革心3/小説「新・人間革命」



【「聖教新聞」 2015年(平成27年) 5月1日(金)より転載】

 

【革心3)


 山本伸一が提言した、日中国交正常化、「日中平和友好条約」の締結に、中国の周恩来総理は注目した。                                   

 また、代議士を務め、日中両国の関係改善に生涯を懸けてこた松村謙三氏は、この提言の実現を願い、伸一が中国を訪問し、周総理と会見することを強く勧めた。

 しかし、伸一は、“国交回復の推進は、基本的には政治の次元の問題である。したがって宗教者の私が、今、訪中すべきではない”と考え、自分が創立した公明党の訪中を提案したのである。                                 

 一九七〇年(昭和四十五年)春、日中覚書貿易の交渉の後見役として訪中した松村は、伸一のこと、また、公明党のことを、周総理に伝えた。

 翌七一年(昭和四十六年)六月、公明党の訪中が実現し、周総理との会見が行われる。総理は、国交正常化の条件を示した。それを盛り込んだ共同声明が、公明党訪中代表団と中日友好協会代表団との間で作成され、七月二日に調印が行われたのである。国交正常化への突破口が開かれたのだ。

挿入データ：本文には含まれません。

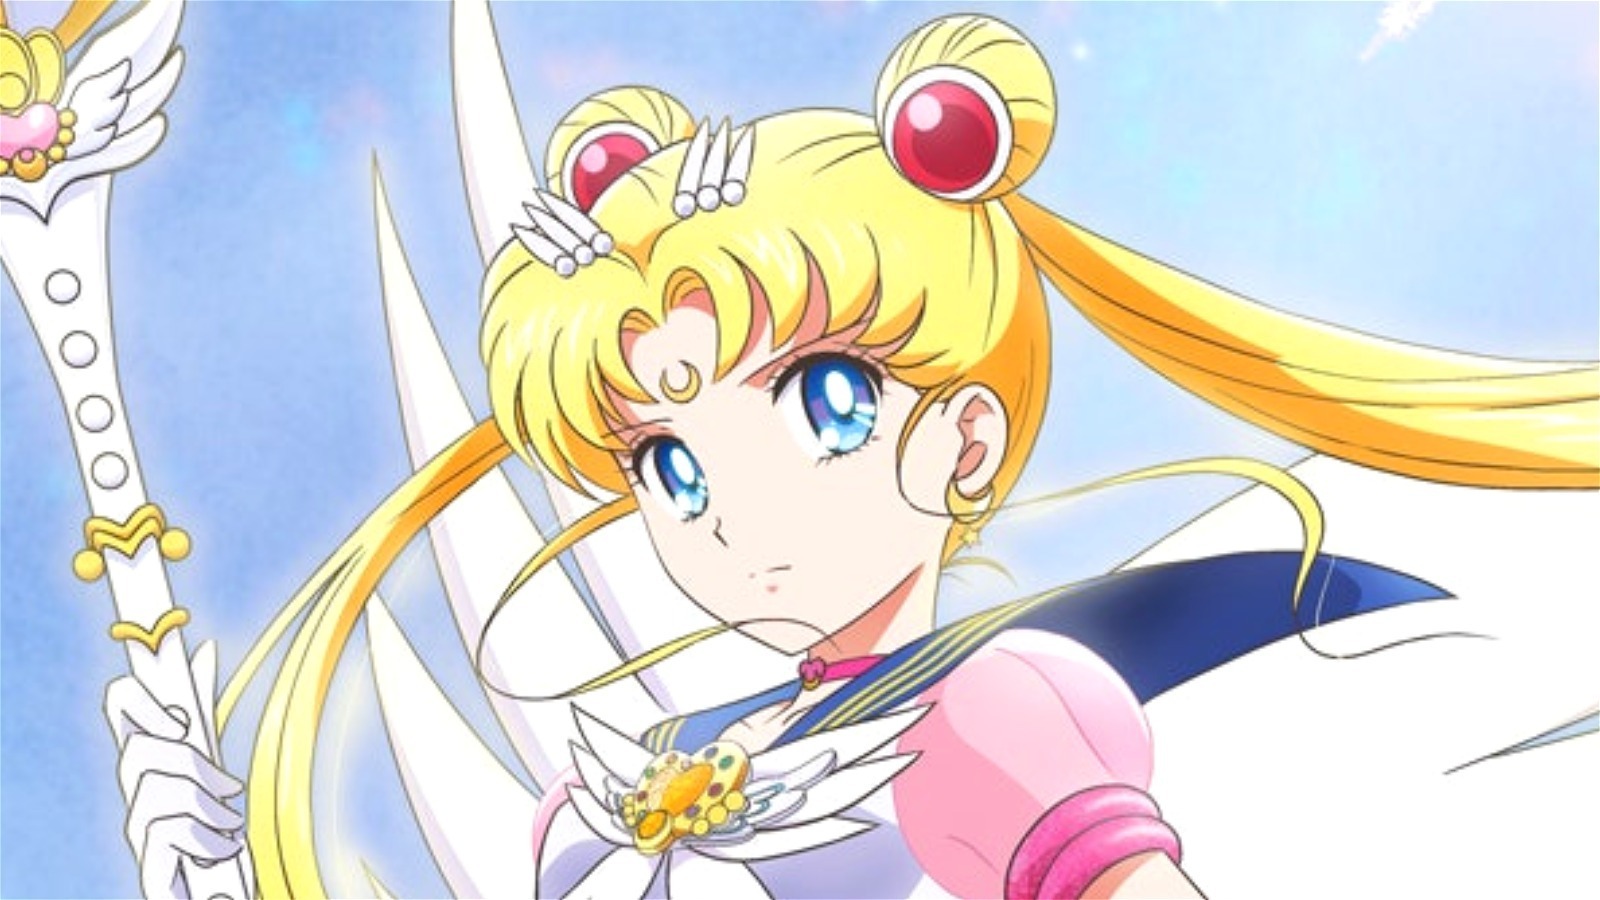 Sailor Moon Crystal Available to Stream Through Netflix in Early July

 この共同声明は、「復交五原則」と呼ばれ、その後の政府間交渉の道標となっていった。

 それから間もない七月半ば、ニクソン米大統領は、テレビ放送で、翌年五月までに訪中する計画があることを発表。既に大統領補佐官のキッシンジャーが訪中し、周総理と会見していたことを明らかにした。歴史の流れは、大きく変わり始めていたのだ。

 日中両国の政府間交渉は進み、遂に、七二年(同四十七年)九月二十九日、日本の田中角栄首相、大平正芳外相と、中国の周恩来総理、姫鵬飛外相によって、北京で「日中共同声明」が調印されたのである。

 そこでは、日中国交正常化をはじめ、中国の対日賠償請求の放棄、平和五原則による友好関係の確立などが謳われていた。

 伸一の提言は、現実のものとなったのだ。

 声を発するのだ! 行動を起こすのだ! 

 そこから変革への回転が開始する。

 

■小説『新・人間革命』

 語句の解説

◎ 平和五原則

 一九五四年、周恩来総理とインドのネルー首相との会談で確認された外交原則。
(1)領土・主権の尊重(2)相互不侵略(3)内政不干渉(4)平等互恵(5)平和共存の五つ。
 これを基礎に、翌五五年のバンドン会議「平和十原則」が採択された。